Another sensible view is that Will, now 73, and stumbling on fumes, should’ve been let go by the Post at least several years ago, not for his opinions but rather because he’s a repetitious, sniffy bore. I don’t read Will regularly—in fact, maybe half a dozen times a year—and one would guess that his audience is shrinking even faster than The New York Times’ David Brooks. Was the column in question a cavalier treatment of the reality of unreported rapes and thuggish on-campus behavior? Sure, and some of Will’s opinions are what you’d expect from this priggish man who was an undergraduate at Trinity College in the early 1960s, when fraternities ruled, parietals enforced and men were required to wear a coat and tie at dinner. It’s probably a subject that Will would’ve been better off leaving to younger colleagues—oh wait, the Post doesn’t have op-ed columnists under the age of 45—and stuck to the Chicago Cubs (you know he’s angling for Bud Selig’s Baseball Commissioner job) or yet another foreign policy essay that, per usual, is studded with quotes from Horace, Pericles, Jefferson or whomever his intern dug up for that particular day.

That’s not to say Will, who’s discovered “trigger warnings,” didn’t have a nugget or two that were on the money. He wrote: “It is salutary that academia, with its adversarial stance toward limited government and cultural common sense, is making itself ludicrous. Academia is learning that its attempt to create victim-free campuses by making everyone hypersensitive, even delusional, about victimizations—brings increasing supervision by the regulatory state that progressivism celebrates… Which serves them right.”

And I’d guess that Will was toasting himself for finally writing a column that got his adversaries so worked up. The man can still get it up! (Hmm, was that a sexist remark I just made? It’s hard to tell these days.) Nevertheless, whether or not you found Will’s views hurtful or offensive, that’s not the issue: imagine what a can of worms would open up if NOW’s hysterical call for Will’s firing was successful. In today’s twisted media world, such a result can’t be ruled out.

I’ve little patience with scads of pundits and would be delighted if their employers showed them the door.
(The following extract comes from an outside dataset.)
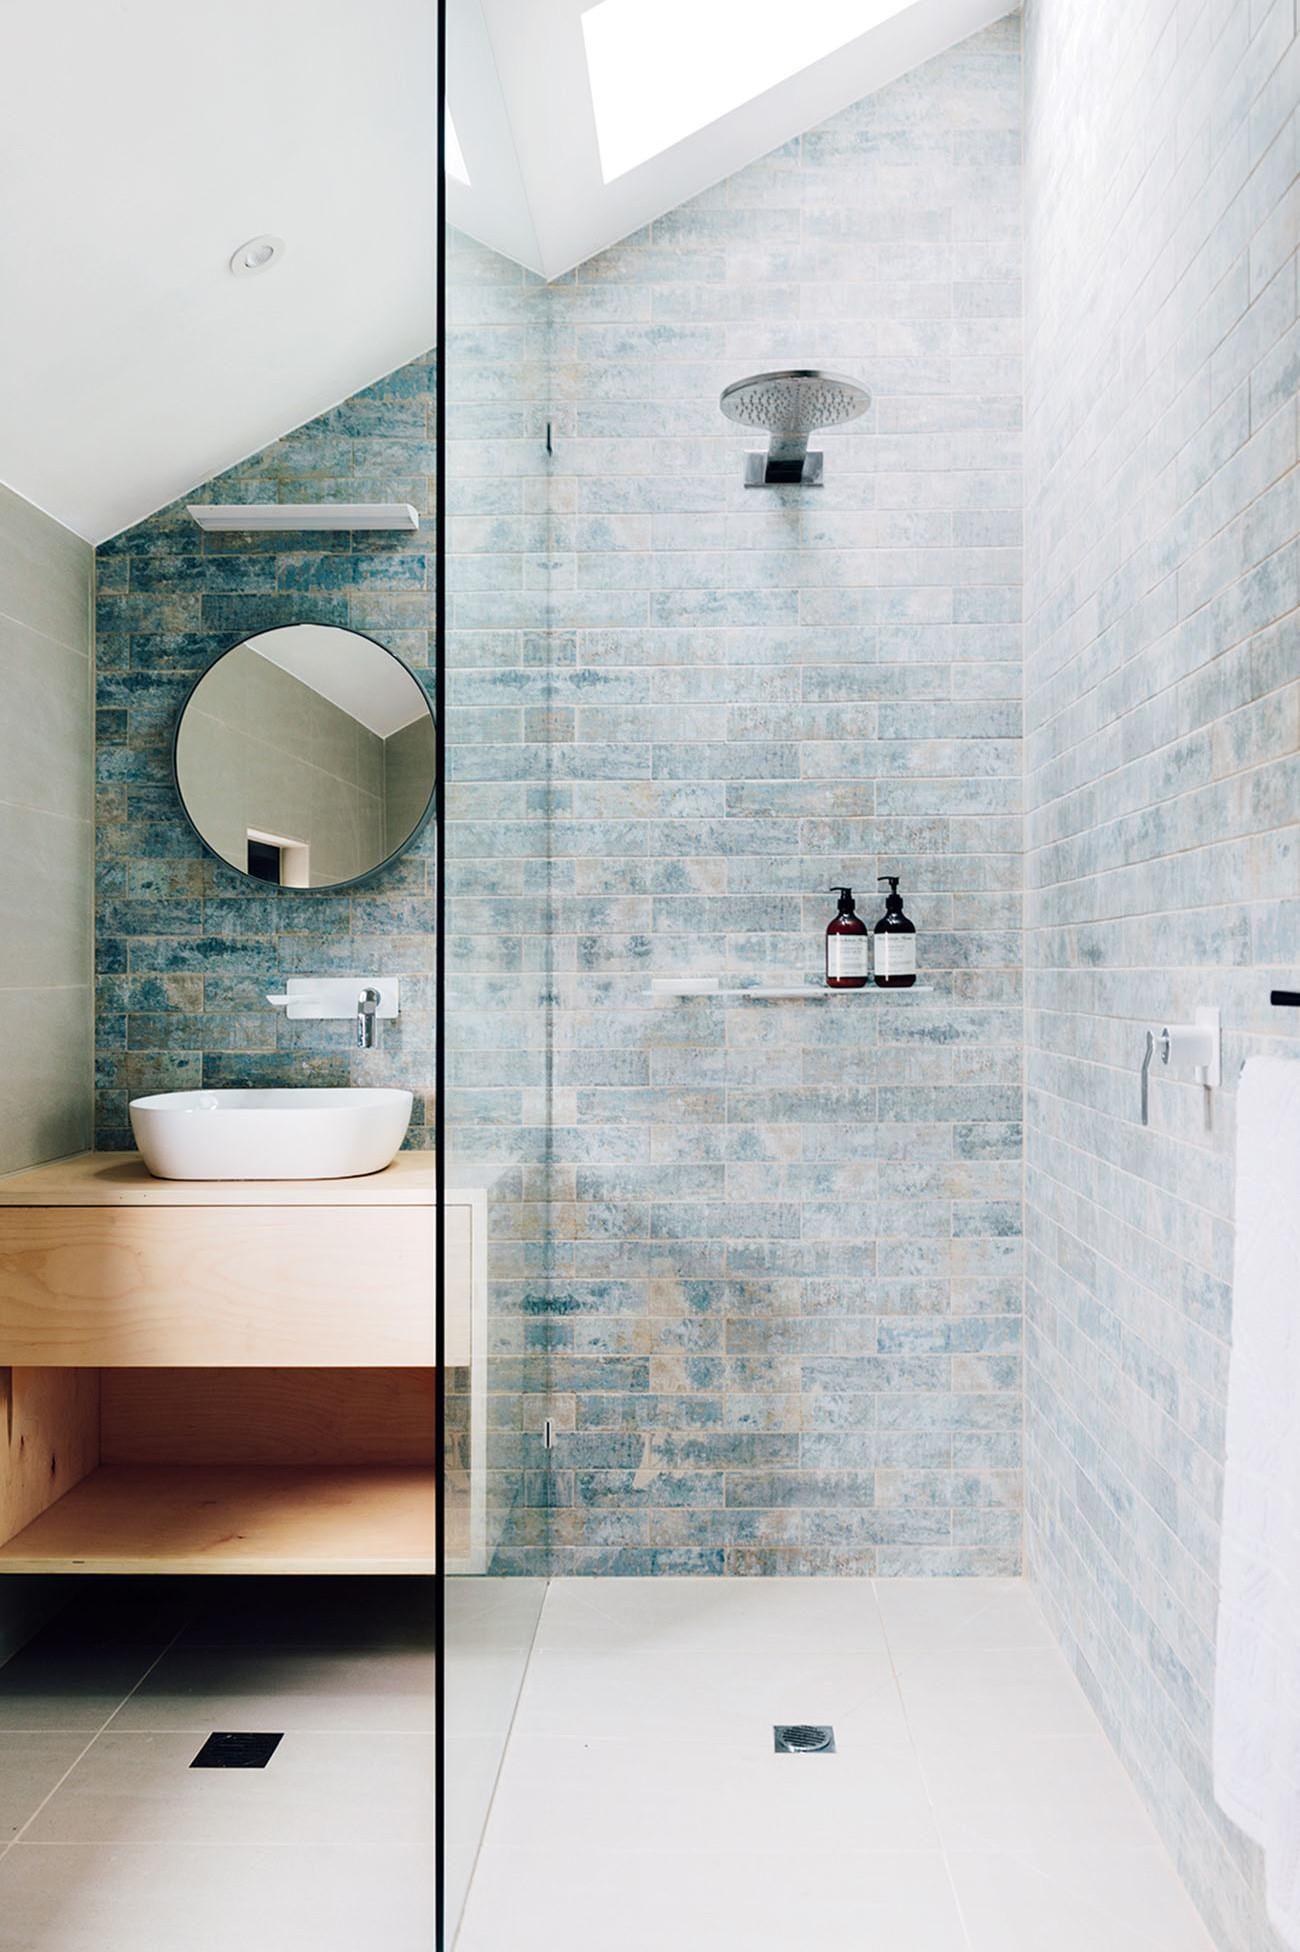 photo How to Plan a Bathroom Renovation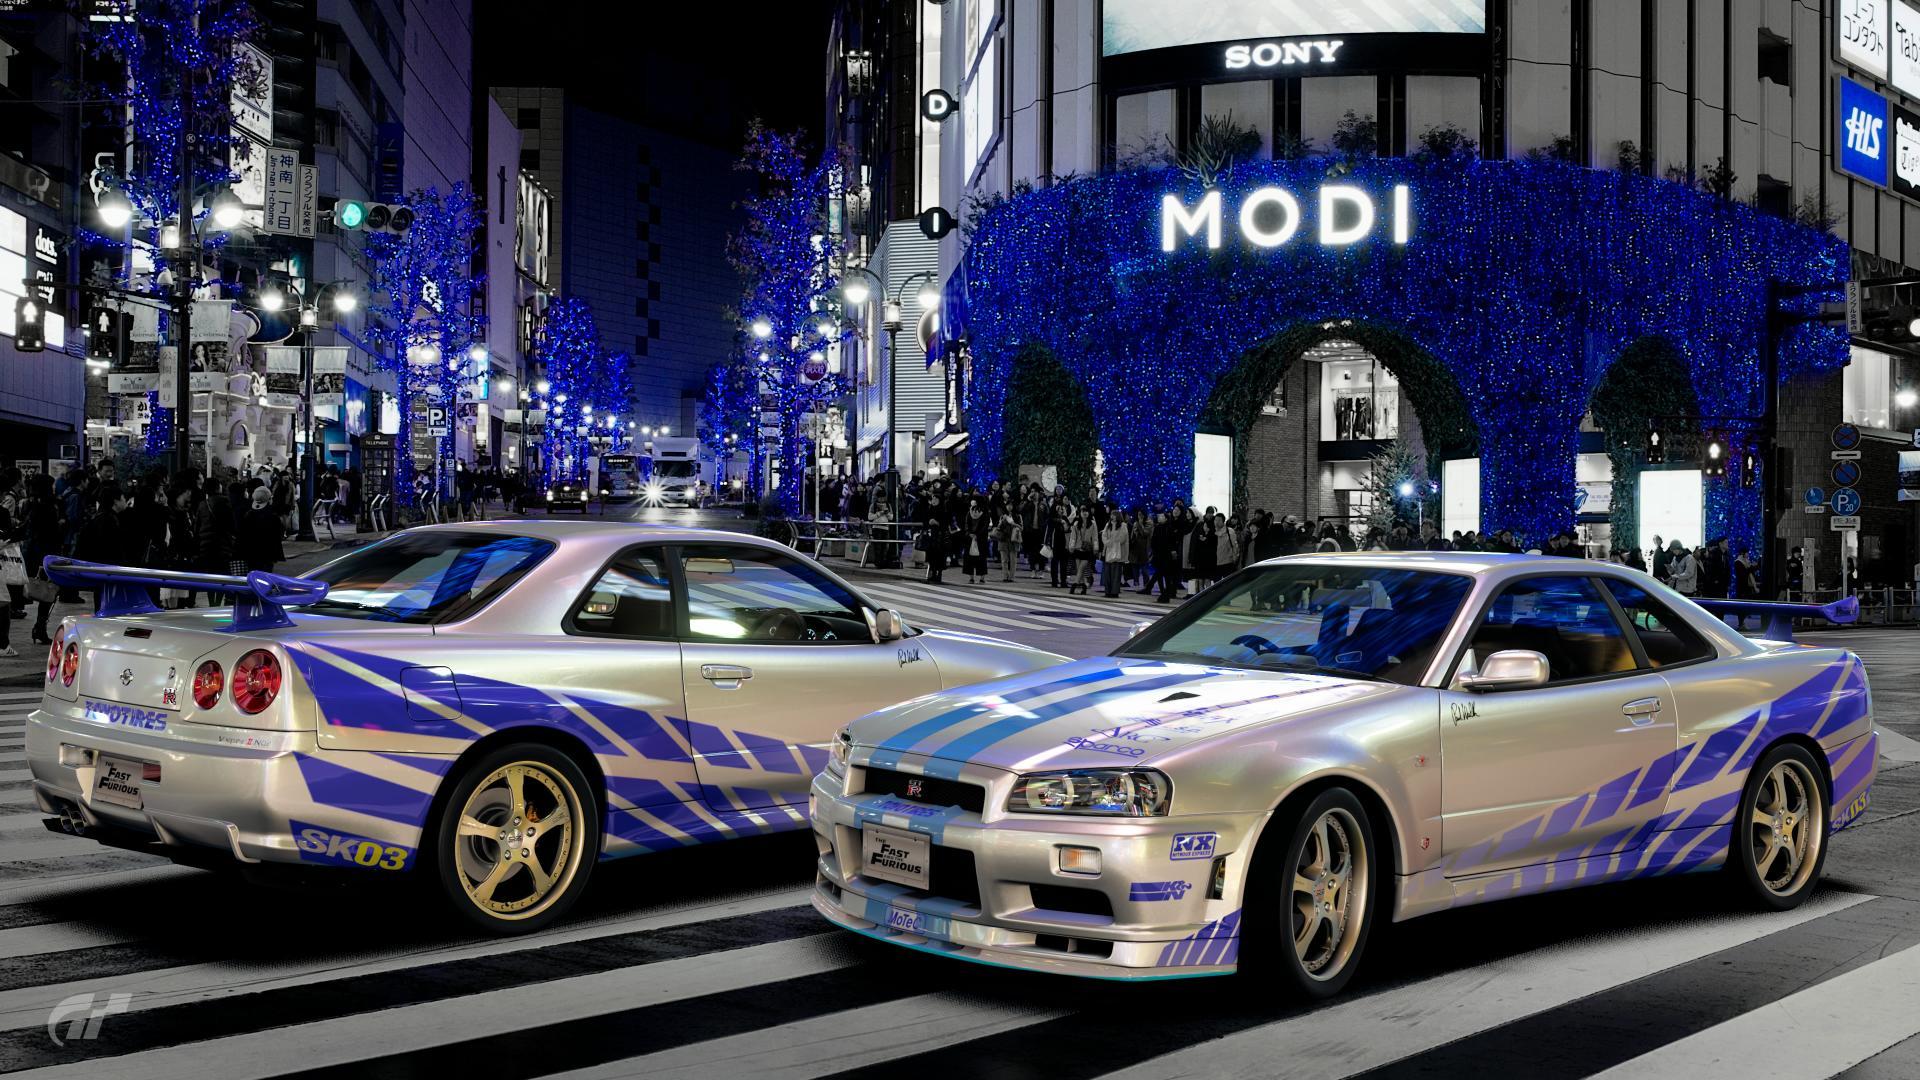 Skyline GT R VムSpec II Nür R34 Scapes S By Sakooo3

Paul Krugman, obviously, but also Charles Blow, Gail Collins, Eugene Robinson, David Frum, Michael Tomasky, Ruth Marcus, Hanna Rosin, Bill O’Reilly, the entire roster of Salon, Karl Rove (I still think it’s weird The Wall Street Journal allows the prodigious fund-raiser and GOP consultant a weekly slot), the Huffington Post pilferers and Jonathan Chait. And a clean sweep of every TV personality (with the exception of Today’s Willie Geist and the goofy Matt Lauer) would be a welcome development.

But armchair petitions demanding a firing? How lazy. If NOW’s president Terry O’Neill was so incensed by Will’s opinion, it would’ve been refreshing if she led an old-fashioned on-site picketing campaign in front of the Post’s headquarters in Washington, D.C.